The call in Item 5 to provide the originating benchmark has been modified to say “when appropriate.” This addresses when a topographic survey was not actually performed (e.g., contours from some other source were utilized) or when elevations were, for example, established based purely on GPS observations.
Table A items 6(a) and 6(b) have been modified to specify that the zoning report or letter provided to the surveyor must be specific to the surveyed property. This is addressed to clients who simply want to dump the entire zoning ordinance on the surveyor, leaving it to him or her to sort out how the ordinance applies to the surveyed property.
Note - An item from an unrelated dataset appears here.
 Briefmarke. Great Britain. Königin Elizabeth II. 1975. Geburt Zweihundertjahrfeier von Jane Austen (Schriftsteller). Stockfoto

One of the most significant changes in the 2021 Standards is to Table A item 11. This utility-related item has been problematic since 1988 primarily because it is very difficult to manage clients’ expectations with respect to underground utilities. As a result, the item has been altered a number of times over the years. For 2021, two choices have been introduced.
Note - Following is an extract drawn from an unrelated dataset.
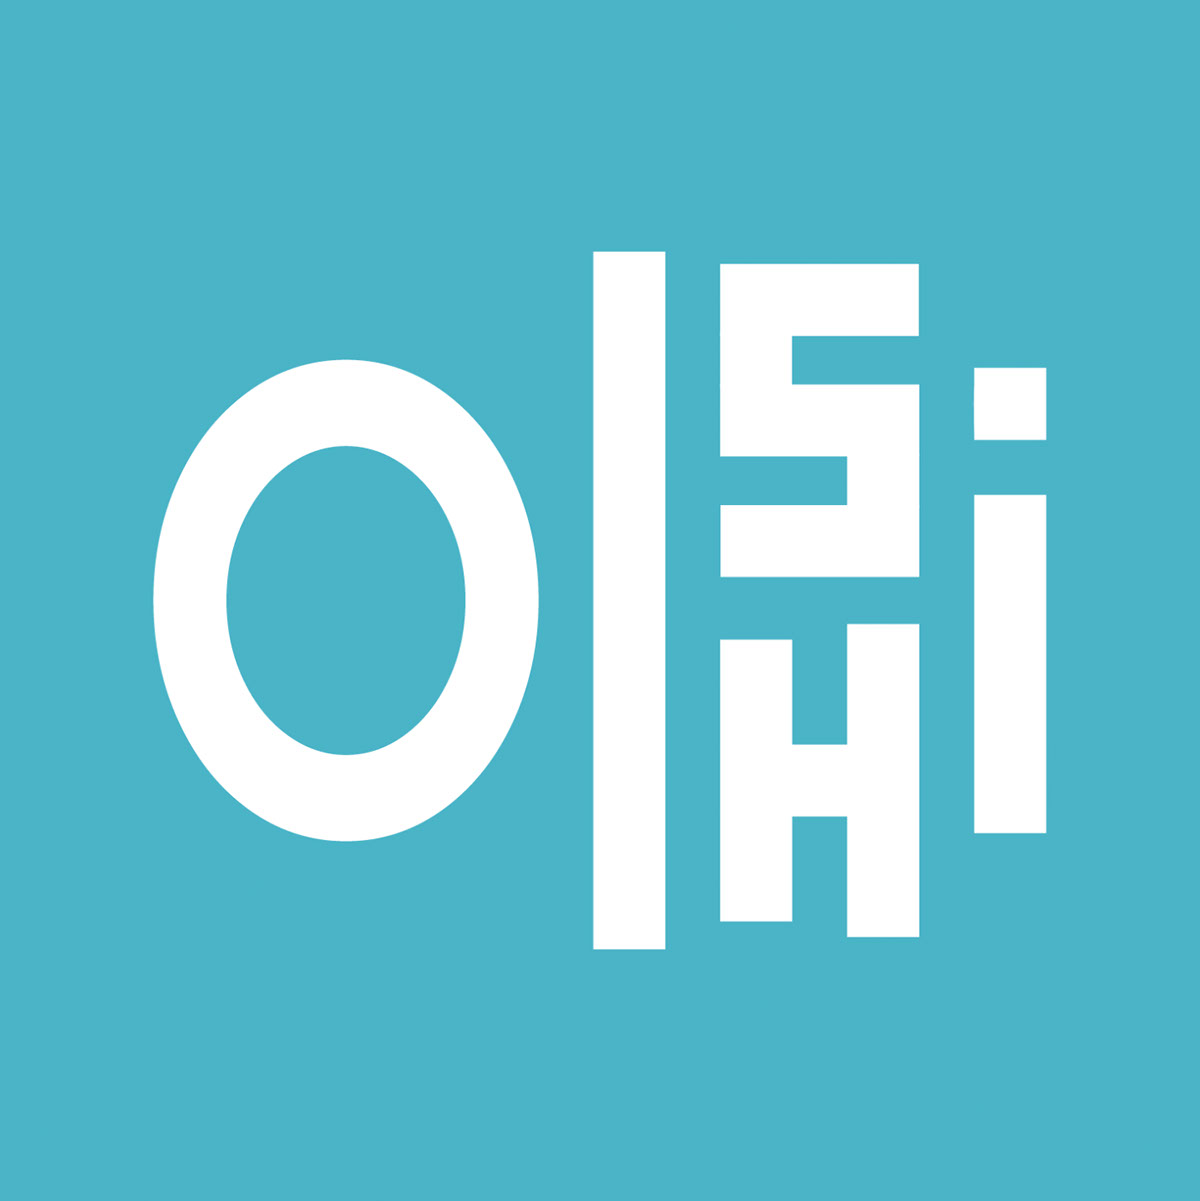 Oishi Hangeul rendition image

The possible choices are to show “[e]vidence of underground utilities existing on or serving the surveyed property as determined by (a) plans and/or reports provided by client and/or (b) markings coordinated by the surveyor pursuant to a private utility locate request.
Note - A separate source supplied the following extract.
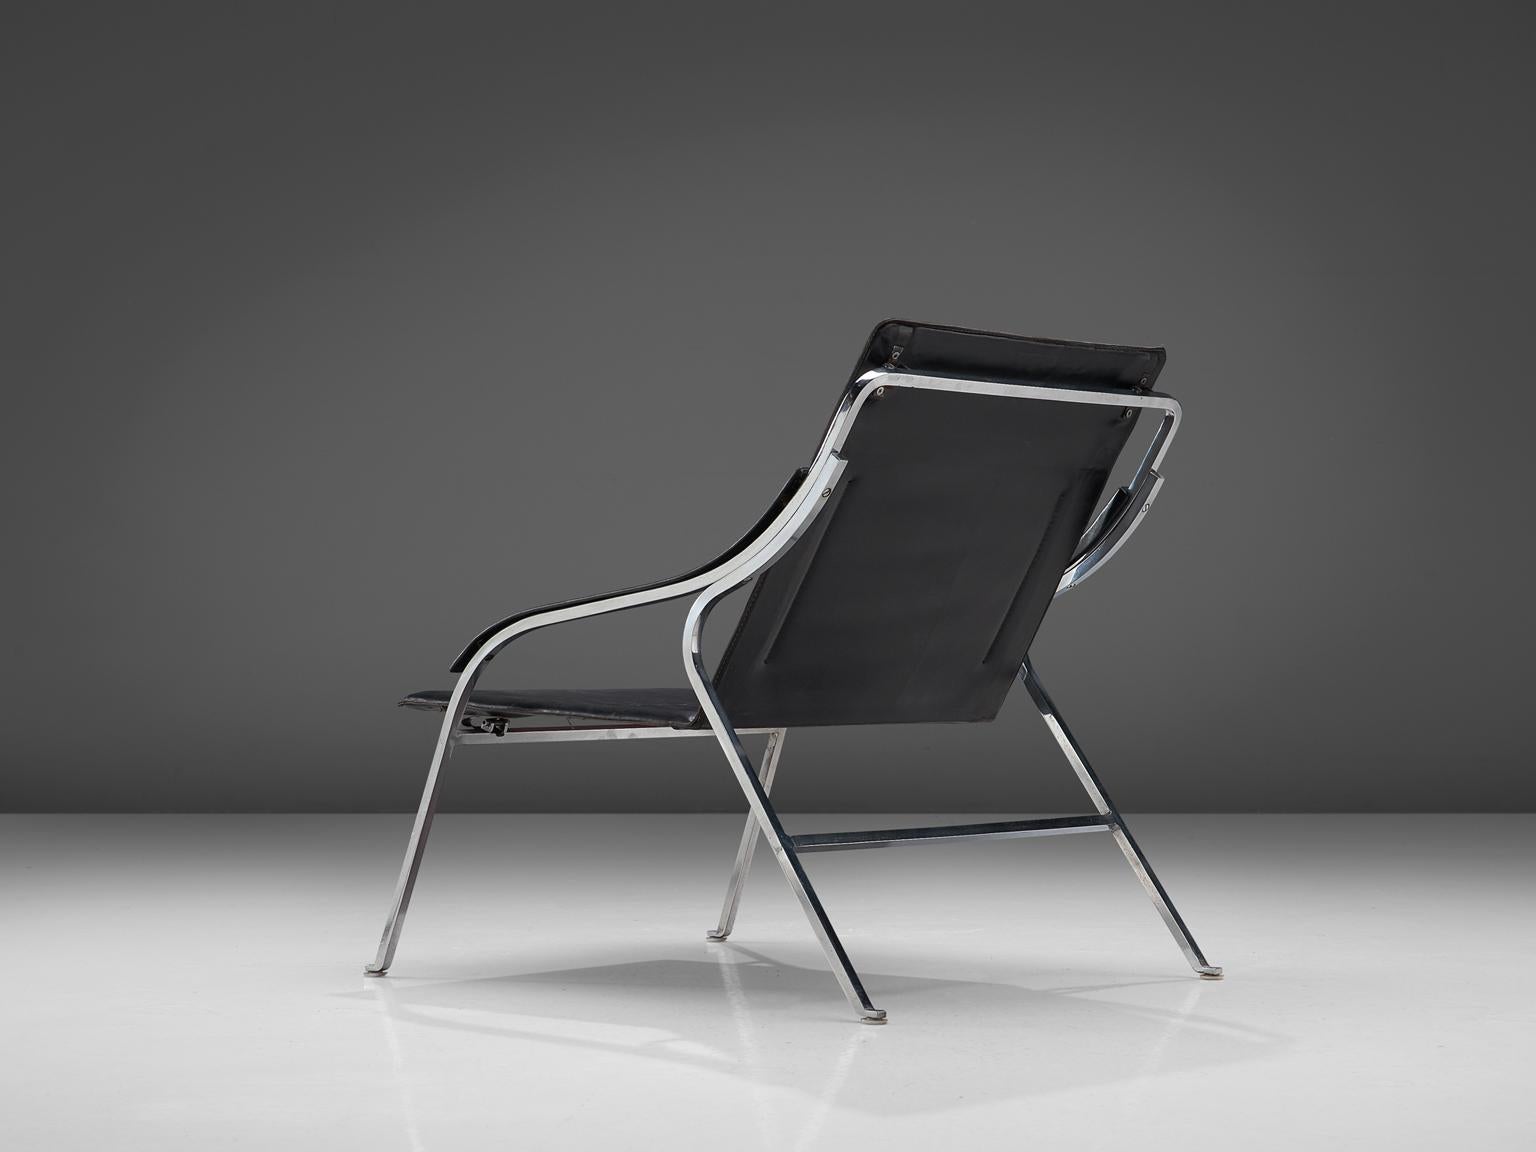 Marco Zanuso pour Arflex, cuir et acier chromé, Italie, 1964.

Cette chaise longue de Zanuso reste parmi les meilleurs exemples de fauteuils conçus par l'architecte. Ce n'est pas seulement son ingénieux design élancé qui le distingue, mais aussi les

Surveyors will note several important points. First, the plans/reports are now to be provided by the client. Second, in most states, 811 locate requests from surveyors are routinely ignored or – at best – given a low priority. So mention of 811 requests has been deleted from the choices.
It is important to note; however, that as mentioned above the exact wording of a Table A item is negotiable. So, if 811 locate requests from surveyors are actually properly attended to in your state, or if the surveyor has ready access to utility plans, then the item can be modified to reflect the services the surveyor can provide.
In order to help control clients’ expectations regarding what is actually achievable when it comes to underground utilities, surveyors might want to consider including the qualifying paragraph following Table A item 11 in their scope of work and/or on the face of their plat/map.
As has been the case with the last few versions of the ALTA/NSPS Standards, virtually every change for 2021 is to the advantage of surveyors by further limiting their liability and/or providing better clarity as to the requirements.
There are a number of changes to the 2021 ALTA/NSPS Standards that are not outlined above; an attempt has been made here to provide some background on only the primary changes. Surveyors should review the redlined version of the Standards in order to be well-informed about all of the changes that resulted in the 2021 Standards.
Surveyors should also consider reviewing the FAQs on the NSPS website. That document will be expanded before February 23, 2021 – and likely on a regular basis after that – so a regular visit to NSPS.us.com is advised.
Finally, the 2021 Standards will be my last as chair of the Joint ALTA/NSPS Committee. It has been a pleasure serving the professions in this capacity over the years and I thank them for the opportunity and for their confidence in my work. But 25 years is more than enough and, while I will continue to be involved, I have decided to step down to allow ALTA and NSPS to designate a new chair for the committee.